Night Shift: Edible paper! You Eat it, it’s Gone…Eat it, it’s Outta There!
Welcome to our first (and hopefully regular) ménage à quad! *term trademarked by Adam Brown*
Imagine a world where Batman and alternate-universe, lackluster Fonzie open a brothel to become chivalrous hustlers in their local morgue; oh, and Batman has a mental disorder where he can only sing Jumpin’ Jack Flash.
This film is a classic case of cheering for an underdog. After all, what everyman doesn’t get ahead by becoming a pimp? Oh! Sorry about that. We meant to say “love broker”.
According to Miss Manners, “whore” is a rude term to apply to people in the sex trade. However, a whore who cooks partially naked for your man is not to be trusted, especially if she was recently busted out of Night Court. Here’s a pro tip from us to you, #Hindsighters: If a man refuses to pay you for services rendered, bite him on the ass. You’ll land your own ass in Night Court, but it’s totally worth it.
Speaking of which, Belinda might be a whore with a heart of gold, but Julia Roberts is the Disney Princess of hookers. However, Night Shift and Pretty Woman do share the important similarity that is the classic 80s montage. During the Night Shift montage, the love brokering ladies acquire fancy clothes while Fonzie stuffs money into a coffee can. The lesson here? We all celebrate differently.
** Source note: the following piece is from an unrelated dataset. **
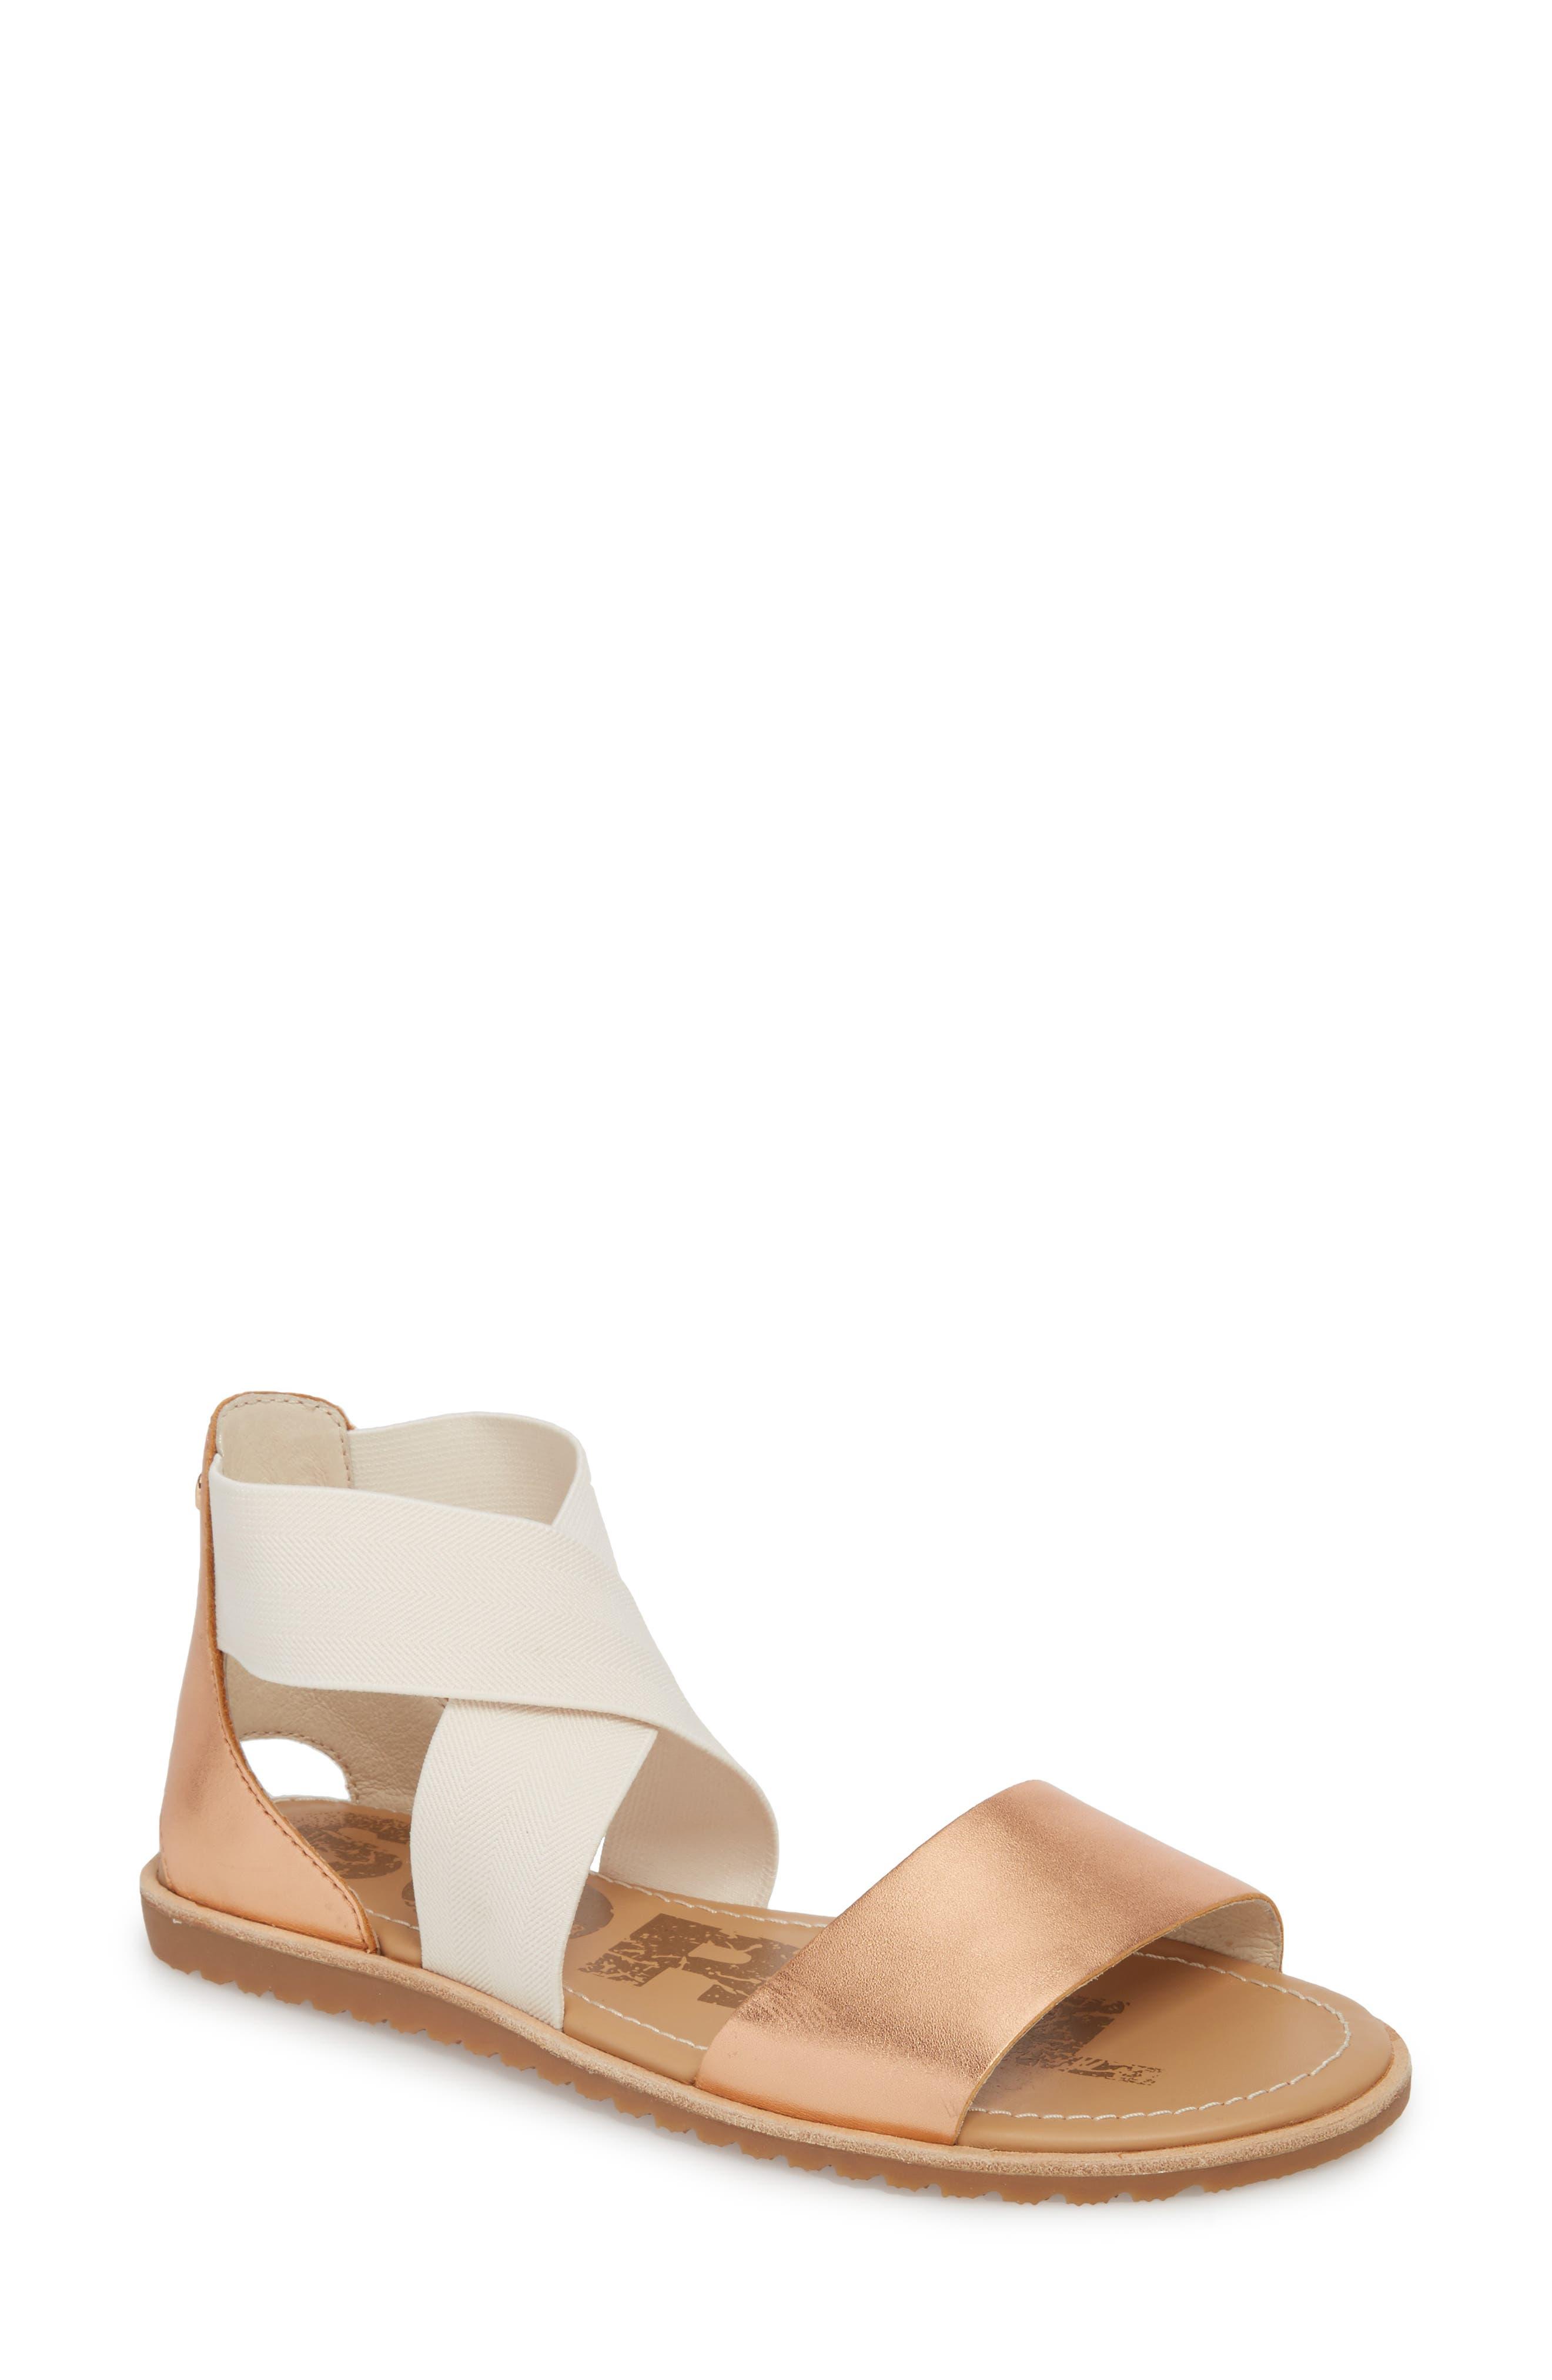 sorel Women's Ella Crisscross Ankle Strap Sandals YRhjB3Kr

We learned some other lessons from this movie:
- It’s okay to acquire money illegally so long as you spend your ill-gotten gains in an honorable fashion. Chuck might have pimped out some 80s ladies, but he did it to buy his dad a truly pimpin’ headstone. #Tombstonemoment
- Hooking is high-risk and generally low-reward; invest your money wisely, establish a 401K, and BOUNCE straight out of that profession before a John breaks your arm.
We’ve all experienced that awkward moment when underwhelming Fonzie and hooker Diane are having relationship troubles while mentally stunted Batman is stuck in the middle … this is just the kind of problem that can be solved by Variant Brewing, so long as you pair your beer with the correct Brendan Fraser movie.
Stay tuned for the next exciting chapter of the Battle Royale, where we finally determine if the guys or the girls emerge victorious on a scale of Alf to Seinfeld. In the meantime, we’ll leave you with this final uplifting thought. Every time we mention autoerotic asphyxiation, an Australian takes a shot.